About Teal & Jen ... How was "For Our Special Kids" born?
Do you know how everyone says your world changes when you have a child? On the 12th of July, my world made one of those changes. But, it didn't really get turned upside down, flipped over, smacked around, and shaken up until November of the following year when we got "the diagnosis."
As you know, getting the diagnosis causes immediate panic, denial, crushing heaviness, silent tears that turn to lonely sobs, overwhelming frustration, and a life-altering moment in time when you realize life will never be what you had dreamed. The guilt I carry from that realization still lingers. I can still put myself in that very moment. The pit of my stomach still remembers hearing those words. The ache and the shock.
I would never be the mom I wanted to be before "the diagnosis." I have a child with special needs. I am a mom of a child with special needs. That makes me different. I'm not sure why I was shocked? I have always been different. My whole life I never really fit in with all the others. Why would this experience be any different?
From the moment my little 2 lb 1 oz miracle baby girl took her 1st breath, my world was different. The normal hospital stay with flowers and cards and family visiting and "passing the baby" didn't happen. Many of you know...and can appreciate...that I couldn't pick her up, touch her baby soft skin, love on her, whisper our dreams for her in her ear any time I wanted. Everything was timed. Everything was on a schedule and I wasn't setting the schedule. Our incredible NICU nurses were the ones who told me when I could be a "mom." I didn't realize the impact of that lack of natural, easy-going "mom-ness" until some time after...as in years.

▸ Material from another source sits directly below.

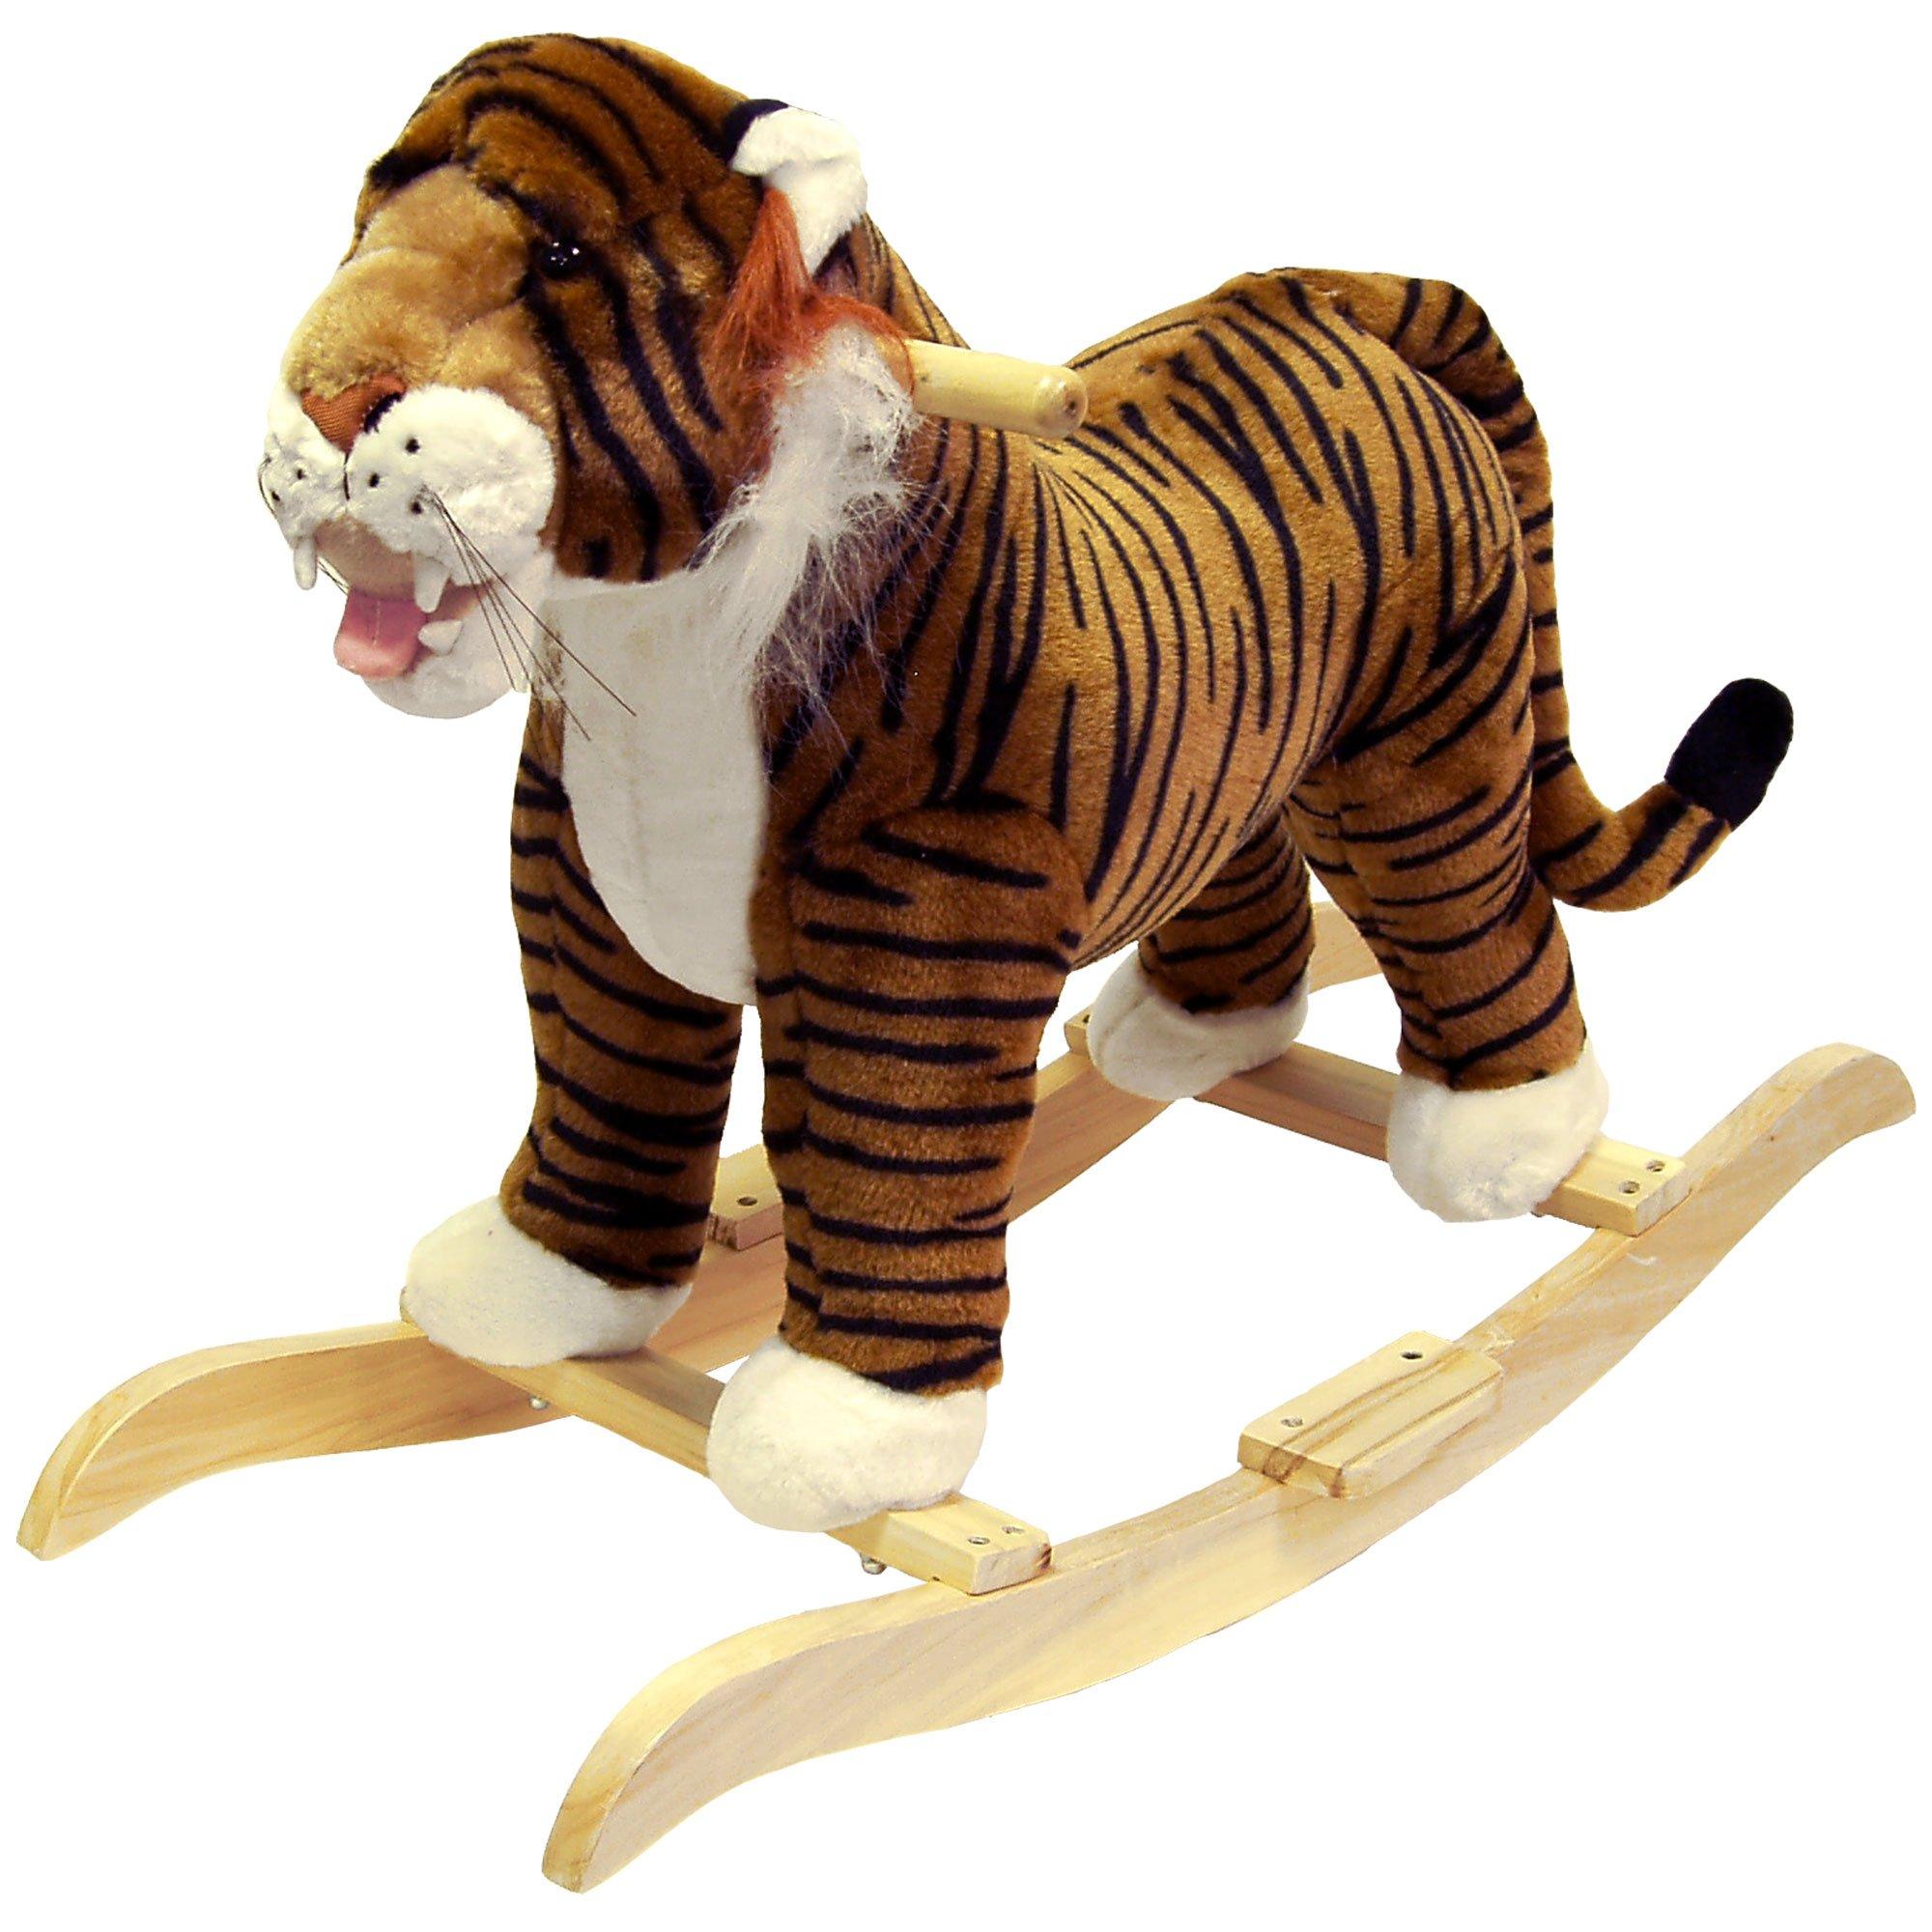 Happy Trails Tiger Plush Rocking Animal Ride On

Not being able to love on the one you so desperately want to love on when you want to love on them does something to you. And, I'm still trying to figure out what that exactly means in our life. Alas...I digress. (I do think we should have this conversation at some point on the show because I'd love to hear your thoughts.)

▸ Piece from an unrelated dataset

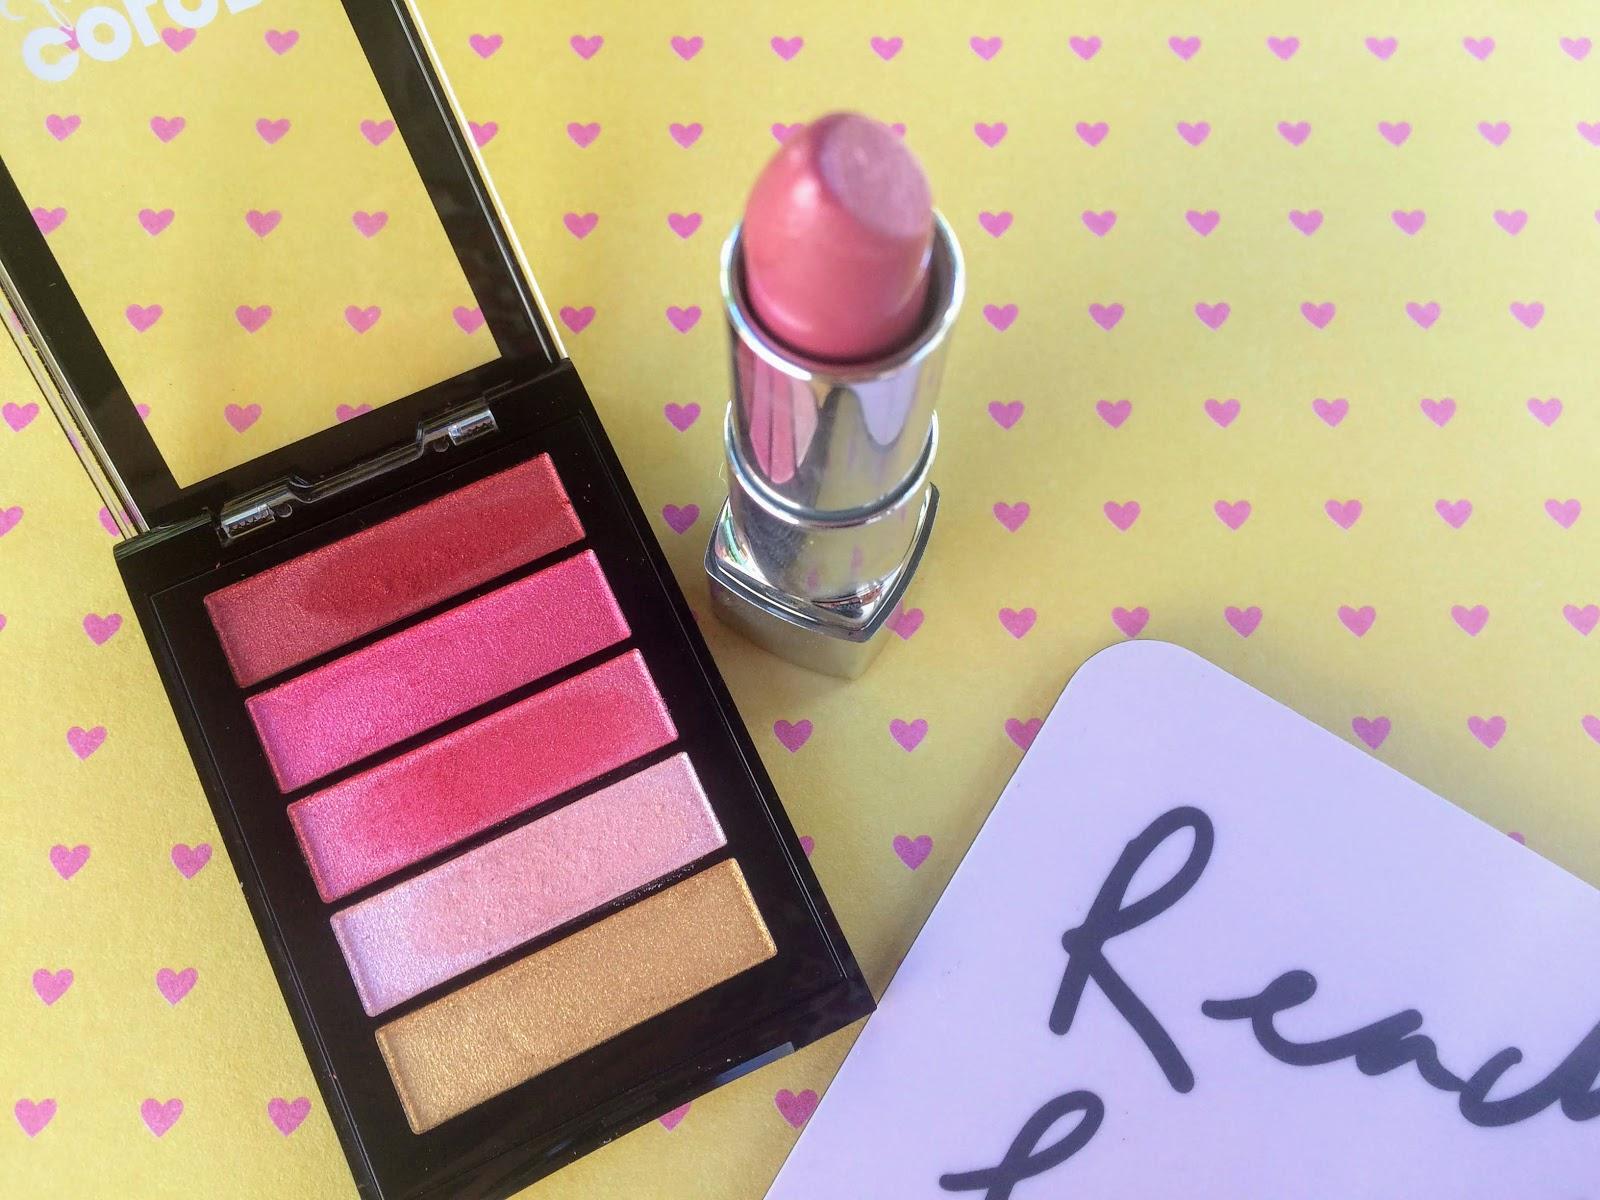 Revlon Lip Powder, Rimmel lipstick

Onto the How and Why of "For Our Special Kids." ... While I still wasn't 100% on board with the diagnosis, I knew that our daughter was going to have a different than expected sort of life. My husband and I, independent of one another, started the research. Yes, stay up too late, find yourself in a rabbit hole, type of researching. You know it, because you did it. I was looking for non-conventional solutions while my husband followed a more analytical road. I looked for anything "non-pharmaceutical" based, anything "non-chemical." He looked for science, studies, numbers. But we both looked and looked and looked.
It seemed I couldn't find anything I was looking for. Well, that is, I couldn't seem to find any information easily. It all seemed so hard to find, confusing, too medical, too woo-woo, or too negative. I didn't want to drop into a chat room or FB page and start reading about people's journeys either. Everyone's journey scared me. I wanted bite-sized bits of information...lots of different information from all perspectives and experiences. I wanted bits of information about things I didn't even know existed. How do you go about researching something you don't even know exists?
There wasn't one place I could go to quickly scroll and learn information about a variety of different solutions in short, personal snippets. That was what I wanted. So, that is what Teal and I and so many outstanding moms, dads, families, practitioners, healers, experts, authors, doctors, mediums, astrologers, etc. have tried to create here at For Our Special Kids.
I hope you have fun scrolling and learning. But most importantly, I hope you find a little snippet that positively impacts you and your child.
For everything, we do as parents is… "For Our Special Kids.”